# Mabels has some really cute stuff right now



## jozial (Mar 30, 2020)

I'll keep this open for about an hour and invite 2 people at a time. I will PM the dodo code.

Lace-up Dress (Pink, Blue, Purple)
Suspender outfit (multiple colors)
Fedoras
Gothic Headdress (White, red, pink, blue, dark purple, light purple)

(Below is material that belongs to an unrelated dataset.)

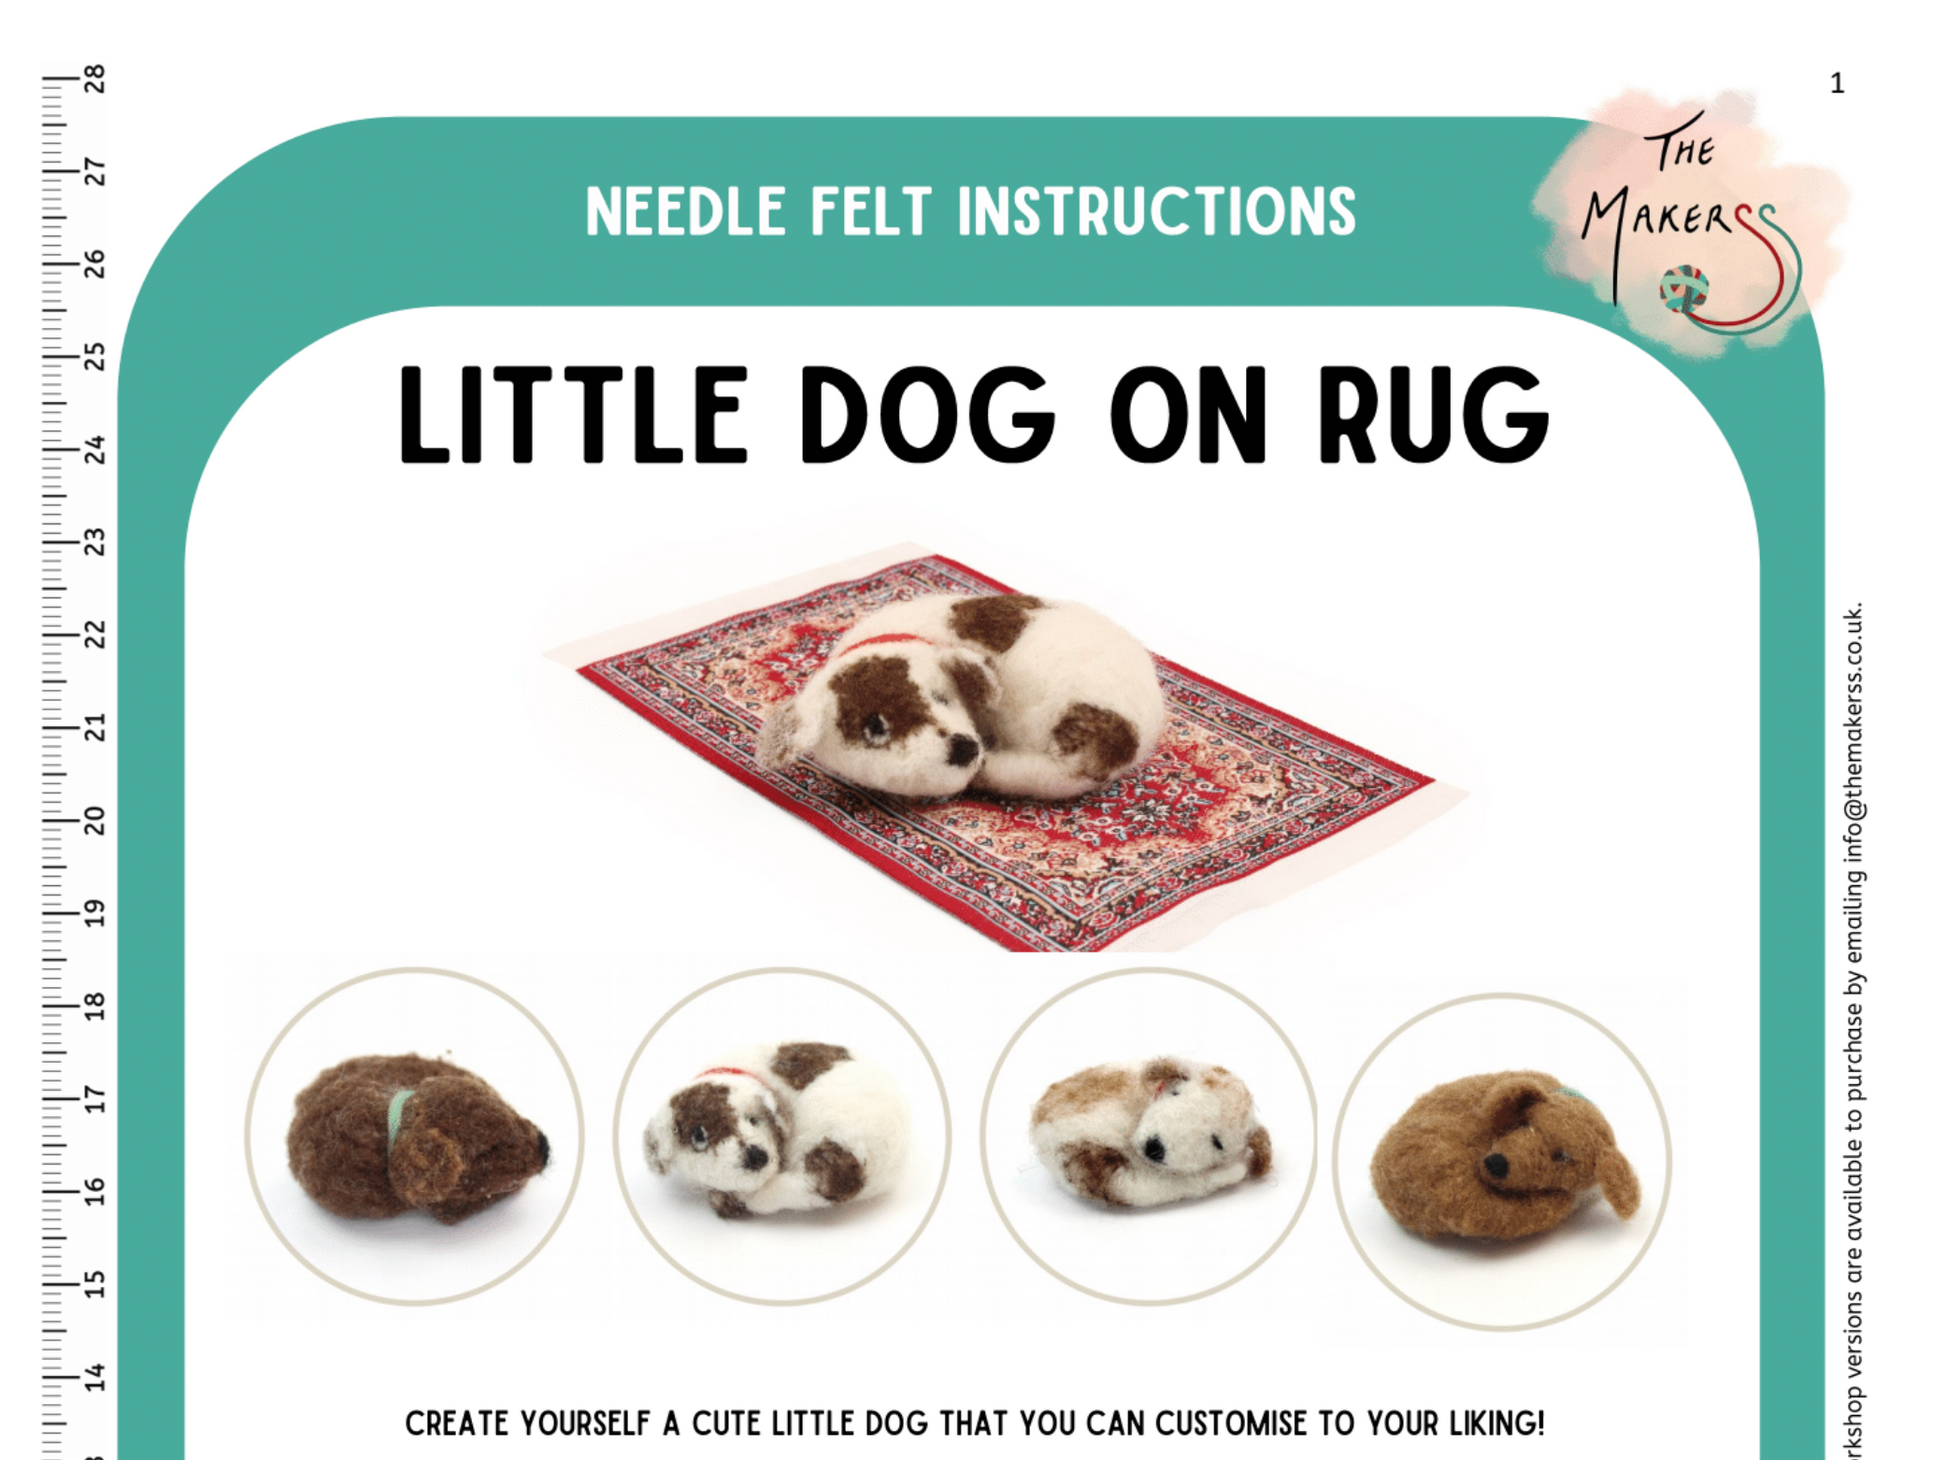 Little Dog on Rug Instructions PDF - The Makerss
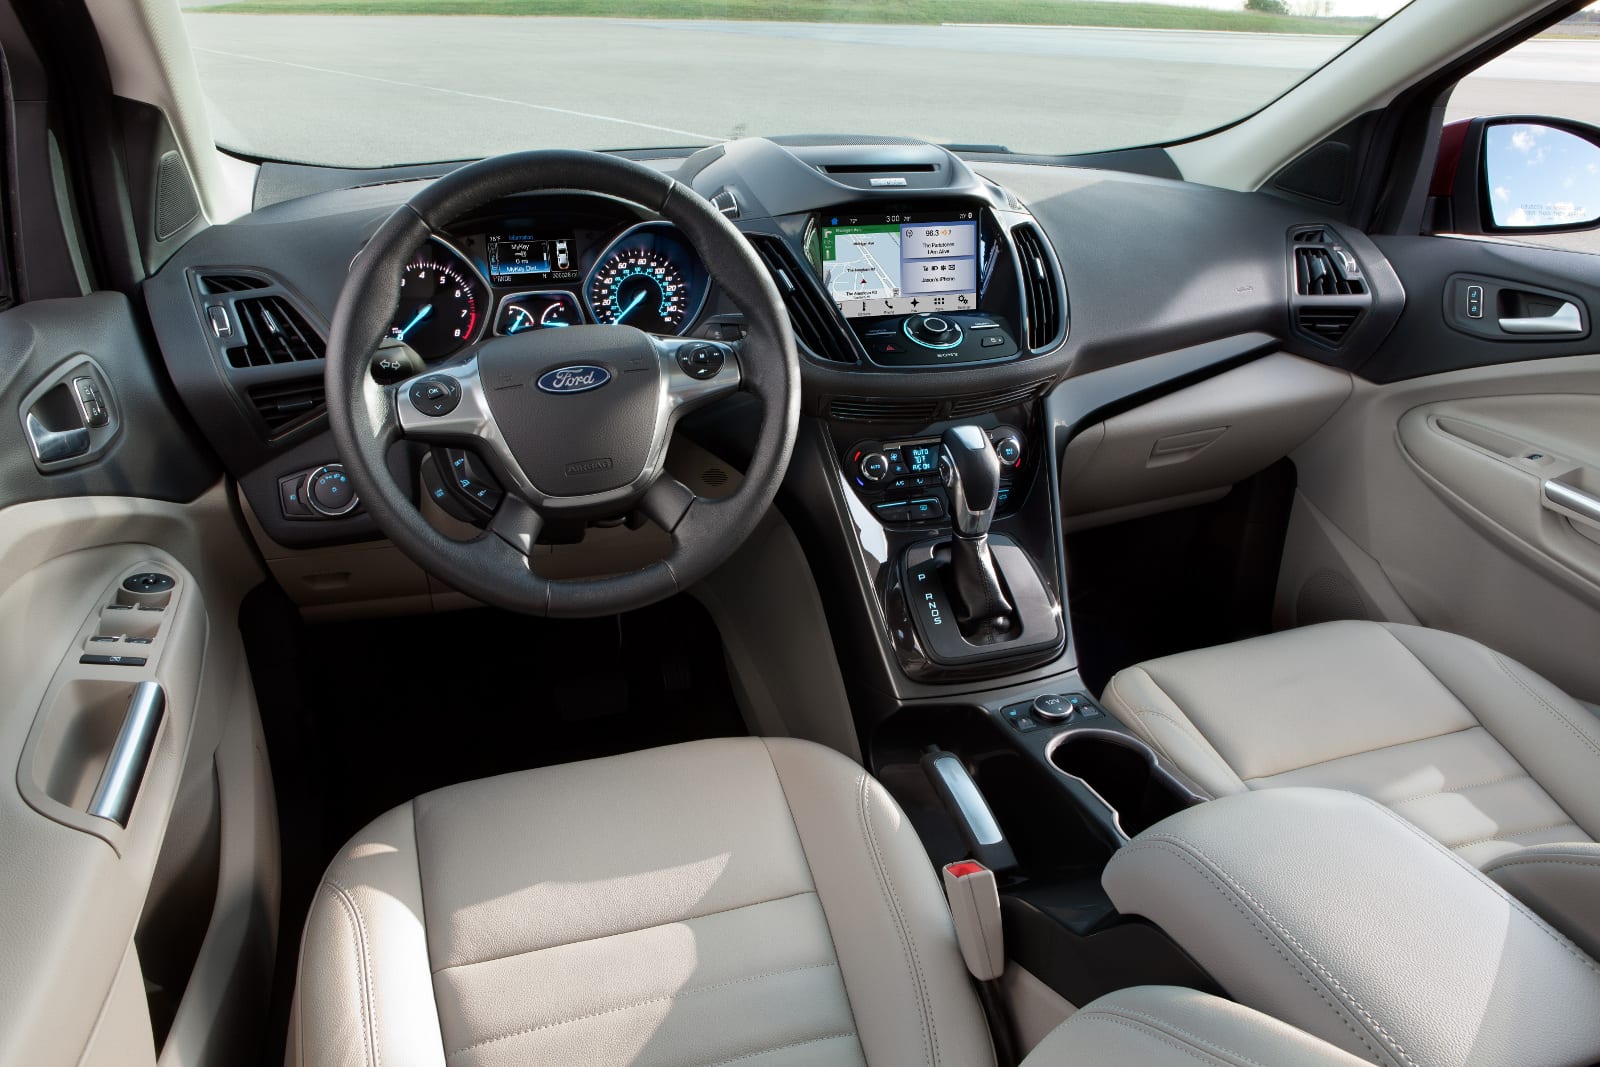 2016 Ford Escape Chrome Package. - Interior

*Mabels is on the far left of the map*

*Invites are closed*


----------



## Loubelle (Mar 30, 2020)

could i please come?


----------



## Munyo (Mar 30, 2020)

I will come. ^^


----------



## Pyoopi (Mar 30, 2020)

Aw, I'd be interested in coming!


----------



## rianne (Mar 30, 2020)

Would love to visit when I'm allowed. c:


----------



## jozial (Mar 30, 2020)

Sent you both the code 

- - - Post Merge - - -

Pyoopi and rianne will be next~!


----------



## Tenocht (Mar 30, 2020)

May I come? please.


----------



## KeatAlex (Mar 30, 2020)

If you have room, I'd like to come :3


----------



## p e p p e r (Mar 30, 2020)

i’d love to visit


----------



## Luxen (Mar 30, 2020)

Oh, I've been looking forward to getting some suspenders!
Would love to visit when there's an open spot available.


----------



## corlee1289 (Mar 30, 2020)

Could I come visit when available?


----------



## leohyrule (Mar 30, 2020)

Could I come too?


----------



## jozial (Mar 30, 2020)

Next 2 invites have been sent, Tenocht and KeatAlex are next in line 

- - - Post Merge - - -

Group 3: Tenocht, KeatAlex
Group 4: Pepper,Luxen
Group 5: corlee1289, leohyrule


----------



## Stelline (Mar 30, 2020)

When there is space, I'd love to visit! Thank you


----------



## Biancasbotique (Mar 30, 2020)

can i come


----------



## Derpyliciousmiku (Mar 30, 2020)

Id love to come when you have room!


----------



## WatermelonPuff (Mar 30, 2020)

I'd love to visit if it's still possible.


----------



## jozial (Mar 30, 2020)

*INVITES ARE CLOSED AFTER THIS POST! *


Group 3: Tenocht, KeatAlex, Pyoopi  *- done*
Group 4: Pepper,Luxen *- done*
Group 5: leohyrule *- done*
Group 6: Stelline, Biancasbotique, corlee1289 *- done*
Group 7: Derpyliciousmiku, WatermelonPuff *- invites out*


----------



## corlee1289 (Mar 30, 2020)

Thank you for having me over!!


----------